If we identify a process as a session, adding process edges to the dependency graph used for Serializability gives Strong Session Serializable. Adding process edges to Snapshot Isolation gives Strong Session Snapshot Isolation, and so on.

Real-time

A real-time dependency means that one transaction completed before another in real time—that is to say, as measured by imaginary, perfectly synchronized wall clocks.⁸ We say that transaction T_j real-time depends on transaction T_i if T_i completes before T_j begins. Note that if T_i and T_j are concurrent, no real-time dependency exists.

This is the same temporal order used by Linearizability. It (conservatively) captures the idea that information could have flowed from T_i to T_j, via a message sent the instant T_i was known to have committed (or aborted). Real-time dependencies let us describe phenomena like stale read, where one process completes a write, then at a later time, a second process begins a read which fails to observe that write.

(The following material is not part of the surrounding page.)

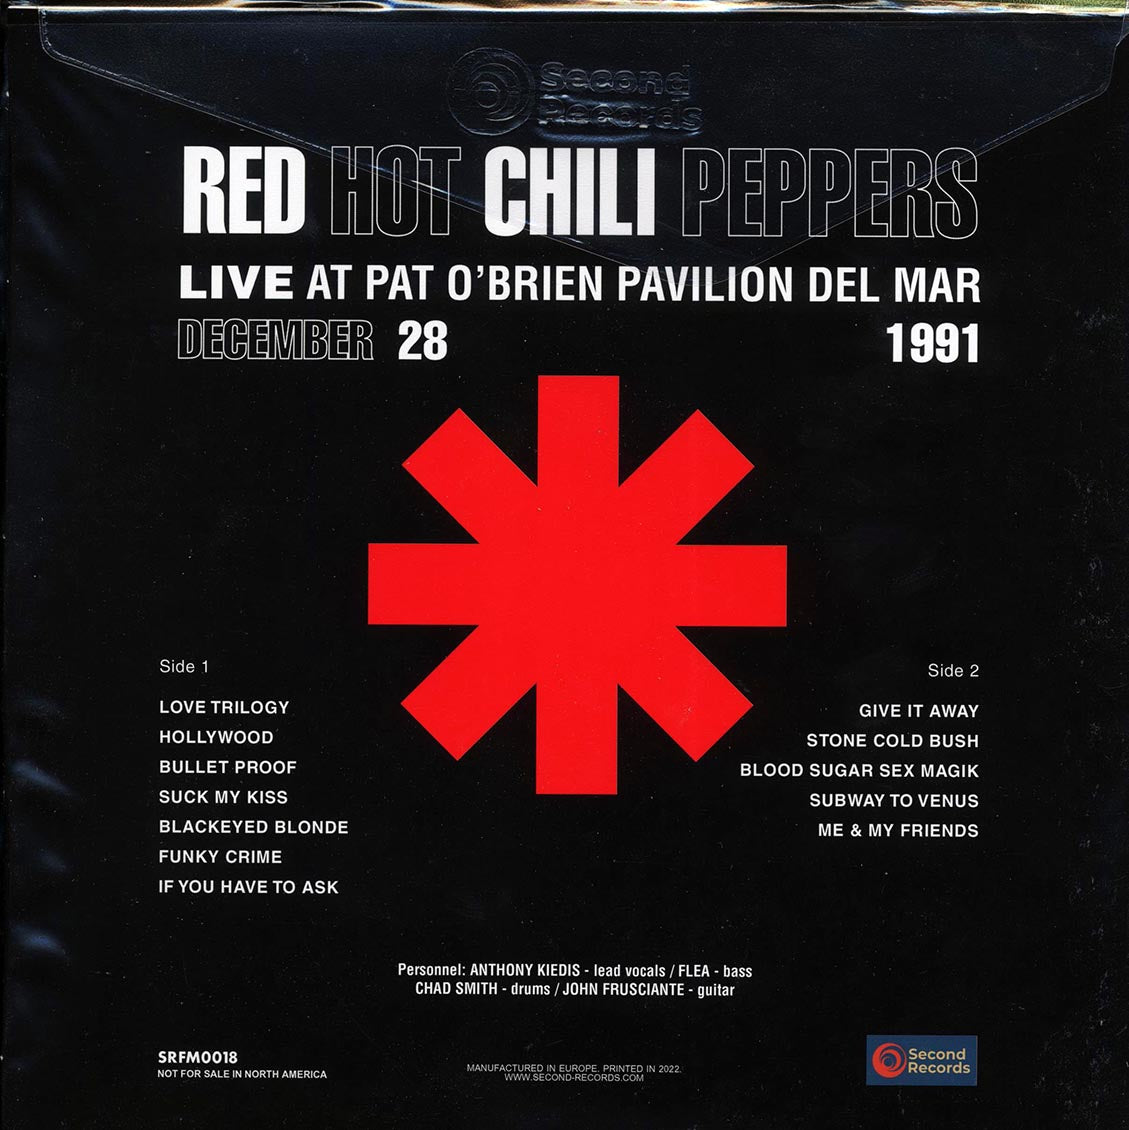 Red Hot Chili Peppers - Live At Pat O'Brien Pavilion Del Mar December 28 1991 (180g) (red vinyl) - Vinyl LP, LP

Adding real-time dependencies to the graph for Serializability gives Strong Serializable. Adding them to Snapshot Isolation gives Strong Snapshot Isolation, and so on.

Since processes are single-threaded, real-time order implies process order—every process dependency is also a real-time dependency.

For a peek at the history of dependency-graph formalizations of consistency, see Gray, Lorie, Putzolu, & Traiger’s 1977 paper Granularity of Locks and Degrees of Consistency in a Shared Data Base.
↩
We follow Fekete et al. in calling dependencies and anti-dependencies “dependencies”, and in naming them write-write, write-read, and read-write, respectively. We use “operation” and “transaction” synonymously, to use the same language we use for non-transactional models. Our transactions are therefore composed of “micro-operations”. Our writes are general transformations of data, rather than blind register writes; this helps build intuition both for version orders and for understanding many Jepsen test results. We extend our graphs with a process order, like Adya’s real-time order, to capture session variants of consistency models.
↩
For an alternative take on predicates, see Fekete et al., 2005, Making Snapshot Isolation Serializable. Their model allows predicate operations to use the entire database state, rather than filtering versions separately. They also omit predicate writes, modeling them as a predicate read followed by item writes.
↩
This order is constrained in three ways. First, it is consistent with the order of micro-operations. Second, it ensures no operation reads a version before it is written. Third, it ensures reads observe the most recent write. For more on the event order, see Adya’s thesis, chapter three.
↩
In Adya’s formalism, DSG(H) is purely write-write, write-read, and read-write dependencies; it does not include real-time or process orders.
↩
This example demonstrates why Berenson et al.’s dirty write is overly broad: not all dirty writes violate serializability! This is why Adya’s write cycle requires a loop of write-write dependencies.
↩
Trasnacktion.
↩
We assume an inertial reference frame, a minimum latency of zero, and all processes at rest. If you are designing a consistency model for relativistic processes, you may wish to be somewhat more conservative and define a real-time order in terms of light cones.
↩